- The hosts and moderators of the program, a man named YANG RUI and a woman named Tian Wei, are big fish in the China-hand media world. They run the show in English; they have traveled and (at least in Tian Wei's case) worked in the US and Europe; they pride themselves on their international contacts and views; they have many friends and acquaintances, including me, in the foreign-Sinophile community.
Now, the tricky part. Many foreigners who have been on the show know the experience I had during my few appearances, early in my time in China. When you're on the set before the show begins, there is a lot of light and non-dogmatic chat with the hosts and the other guest(s). But once the show begins, the tone often shifts, with an opening question from the host on the lines of: "To our guest James Fallows, I must ask: do you not agree that the United States is being unfair and unreasonable in the demands it is making of the Chinese government? Especially considering its many failures at home and its relative decline in standing in the world?" Then once the show is over, it's light, easy, non-agitprop chat again.

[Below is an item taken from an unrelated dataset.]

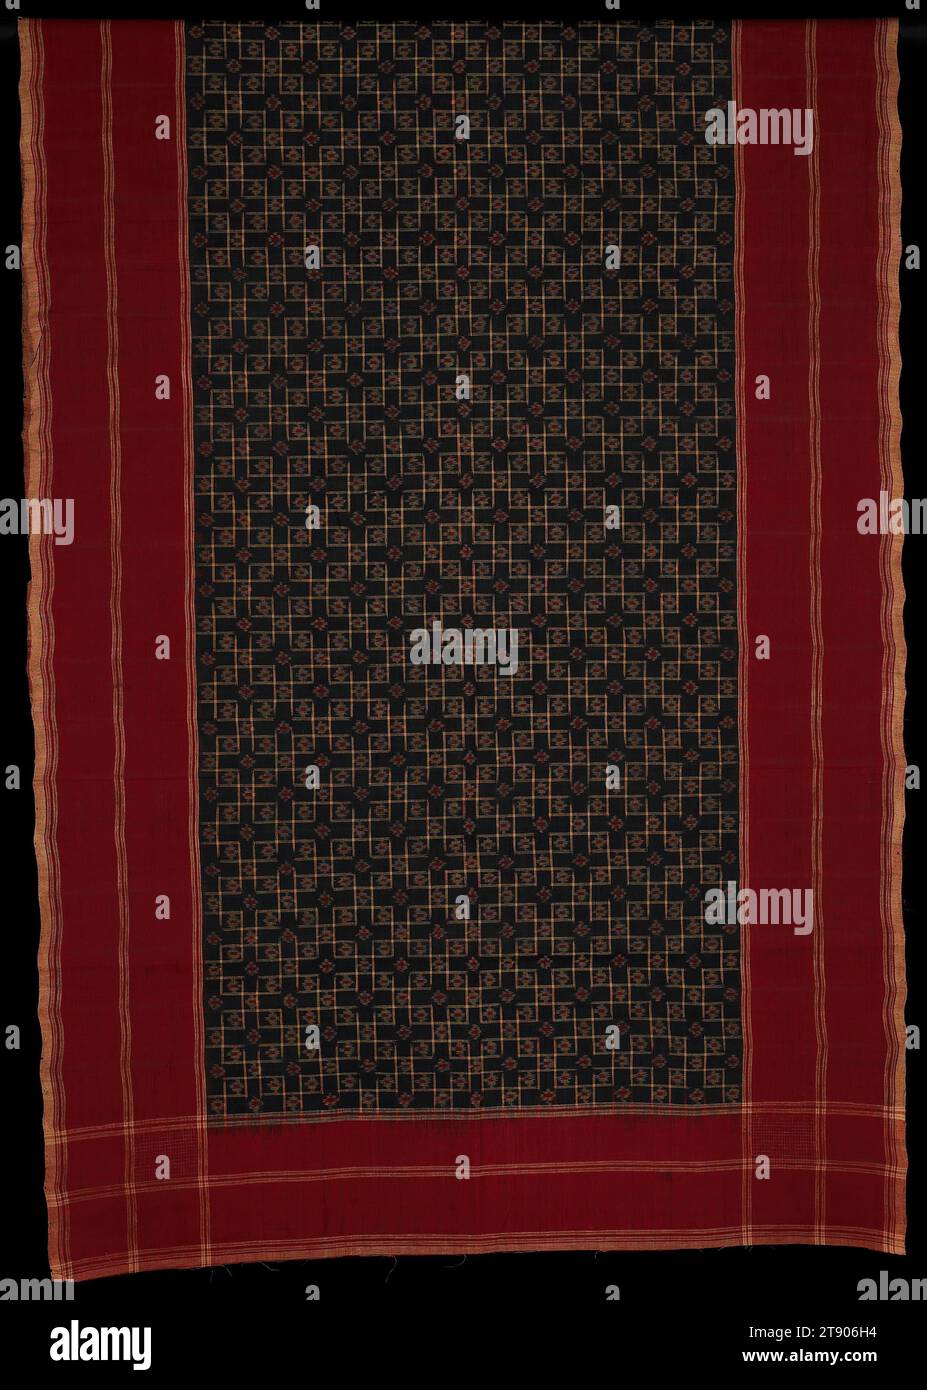 Cloth for woman's veil (Telia dupatta) or man's waist wrap (Telia lungi), late 19th-early 20th century, 109 1/2 x 47 5/16 in. (278.13 x 120.17 cm), Cotton; double ikat (Telia cloth), India, 19th-20th century, This cotton ikat fabric is from an unused stockpile of similar telia cloth - so-called because the traditional dyeing process involved treating the threads with sesame oil (tel). Produced in the southeast Indian coastal town of Chirala, telia cloth found a ready market in Hyderabad, the area's main trade center. Stock Photo

The first time this happened to me, I was startled. But as soon as I thought about it I realized: this is the tightrope you walk inside a state-controlled news network. To the show's credit, it allows the foreigners to reply in kind and and to challenge the terms of the question. And often it broadcasts the show live, with limited real-time control on what a guest might say. (On the other hand, since it's in English, the audience inside China is limited.) I was on the show three or four times, usually during US-China meetings or controversies. I found the whole experience educational, as part of my ongoing "this is China" immersion, but eventually I decided this was not a sensible venue for me. I know that many foreigners in China have considered doing anthropological studies, or satiric novels, about the kind of "foreign experts" that CCTV is most comfortable having as frequent return visitors on the show.
This brings us to the recent news. On his Sina Weibo account, Dialogue host Yang Rui let loose with an anti-foreigner rant so extreme that on first reading I was sure it had to be a parody. Only it wasn't. It's as if you heard a Stephen Colbert "in character" riff on his show -- and then suddenly realized he wasn't kidding. To put it further in context, it's as if a well-known figure whose trademark was urbane earnestness -- again let's say Ted Koppel, or Charlie Rose -- let rip with a David Duke-style diatribe and evidently meant it.
The paragraph below was all one tweet from Yang Rui -- you can really say more in 140 Chinese characters than 140 English letters! -- as translated in a dispatch by the WSJ's Josh Chin:
The Public Security Bureau wants to clean out the foreign trash: To arrest foreign thugs and protect innocent girls, they need to concentrate on the disaster zones in [student district] Wudaokou and [drinking district] Sanlitun. Cut off the foreign snake heads. People who can't find jobs in the U.S. and Europe come to China to grab our money, engage in human trafficking and spread deceitful lies to encourage emigration. Foreign spies seek out Chinese girls to mask their espionage and pretend to be tourists while compiling maps and GPS data for Japan, Korea and the West. We kicked out that foreign bitch and closed Al-Jazeera's Beijing bureau. We should shut up those who demonize China and send them packing.
The "foreign bitch" he refers to is Melissa Chan, a U.S. citizen working for Al Jazeera, who did really impressive work from China over the past five years and then was expelled. Again, I thought at first this was an urbane Chinese cosmopolite, mocking nativist Chinese attitudes, Colbert-style. That it was serious is ... worth reflection. Among the reactions worth reading is Charlie Custer's, at China Geeks:
It's interesting that this outburst came from Yang Rui, who is in some ways one of the faces of China's soft power push. Dialogue is an English-language program, which means it is targeted at foreigners in China and abroad by default. The fact that its host (one of them, anyway) is apparently a racist xenophobe is probably indicative of how successful China's soft power push is likely to be.
And in keeping with the reality that China is a big, churning, diverse place, Custer points out that much of the reaction in the Chinese blogosphere has been mockery of Yang Rui for his xenophobia. For instance:
At first I thought that it was just Mr. Yang's English [abilities] that were disappointing, but now I see there are many disappointing things about him....
Isn't your daughter studying in the US?
Haha, so Yang Rui is really this big a dumbass. A dumbass pretending to be cool but actually a Boxer.
So this is the quality of CCTV? Anyway, where did you study your English? Do the people there think about you this way?
I want to ask, can you speak Chinese? How can someone so incoherent become a TV host...
More later. I will be interested to see the next few installments of Dialogue -- and which foreigners agree, now, to appear as guests. Hint: They shouldn't.